それに、もし全部上手くいって朱莉と付き合うことになってもそれはそれで私は嫌だ。
「大丈夫大丈夫、あたし年下も好きだし」
「いやそうじゃなくて……」
さっきからゴミを見るような目で和香に見られてるけど、朱莉は気づいてるんだろうか。
和香には文句の一つでもあるなら言ってもらった方が気が楽だけど、黙ってるせいでよけい怖く感じる。
「さすがに友達の彼女の妹に手を出すのは抵抗感合ったけど、他人なら気兼ねなく行けるしね」
多分こういうことしてるから振られるんだろうなという嫌な確信が出来上がっていた。
和香は触れないことに決めたのか、二人きりになった時なにかする気なのか、少しだけこちらを見ると無言でお昼を食べ始めていた。

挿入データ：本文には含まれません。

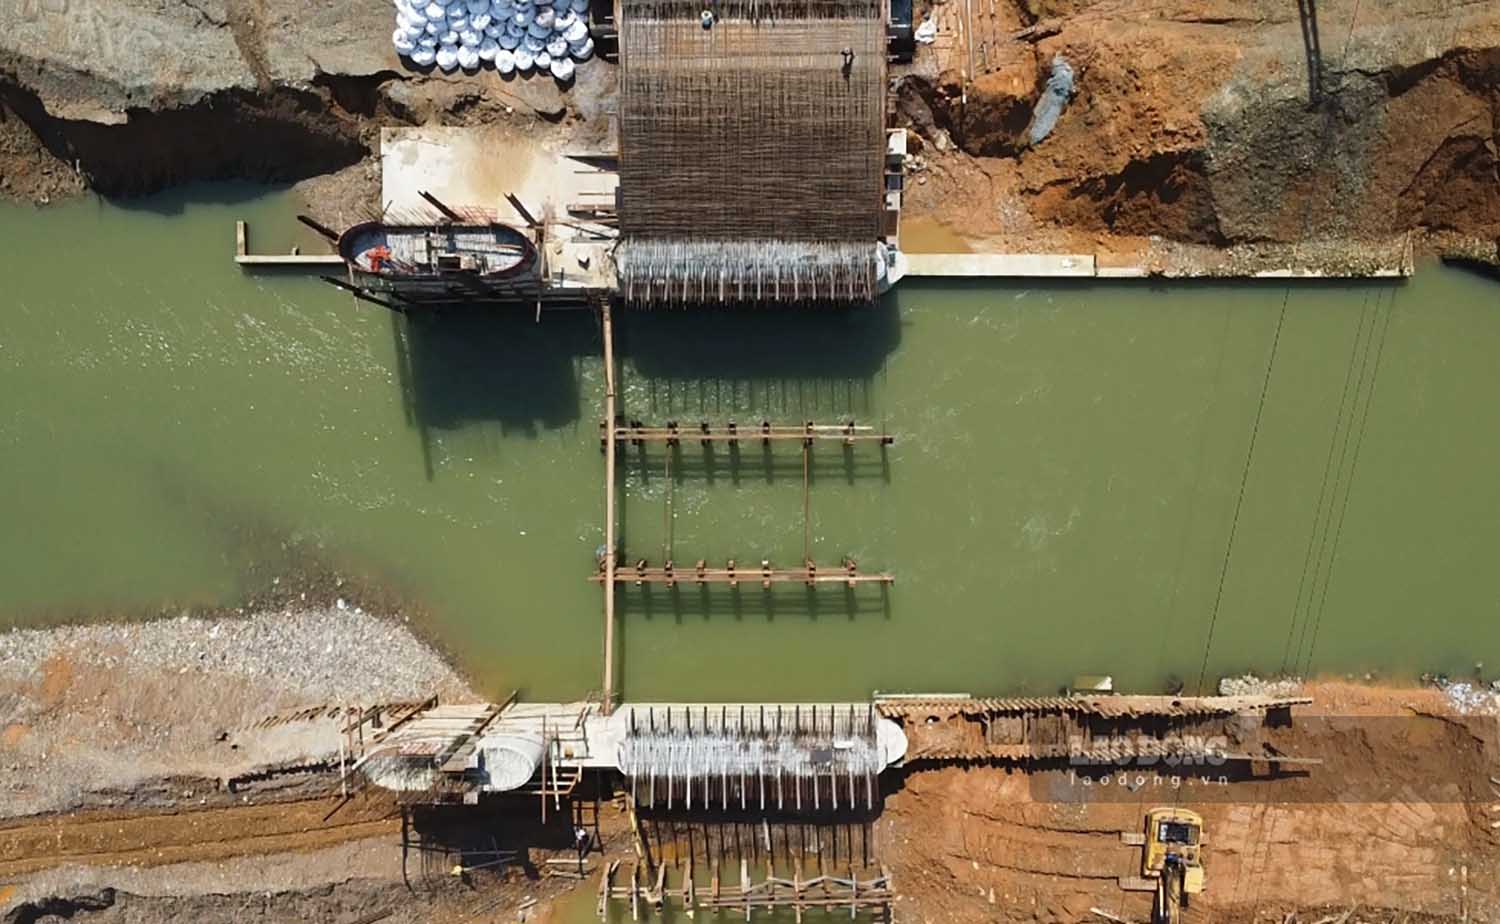 Công trình có chiều cao lớn nhất 17,5m, dâng nước sông Lô tại vị trí đập lên 6m. Việc điều tiết mực nước được thực hiện với 3 cửa xả cùng thiết bị nâng, hạ đập bằng hệ thống xy-lanh thủy lực.

その後朱莉の地雷原の上でタップダンスを踊っている姿に適当な相槌を打ちながら聞いていると、どこからか呼ばれた。
「真衣!」
声の方を見ると廊下にいる志保がこっちに向かって手を振っていた。
よかったやっと来た。
この和香が発する重苦しい空気からやっと抜け出せると思うと、途端に身体が軽くなる。
「じゃあごめん、ちょっと行ってくるね」
「あーそっか、今日姫川さんと食べる日か」
「いってらっしゃい。あ、一応妹いるか訊いといて。あの子が妹だったら連絡先も」
「訊かないから。じゃあね」
朱莉に対し舌を見せると、志保の方に駆けていった。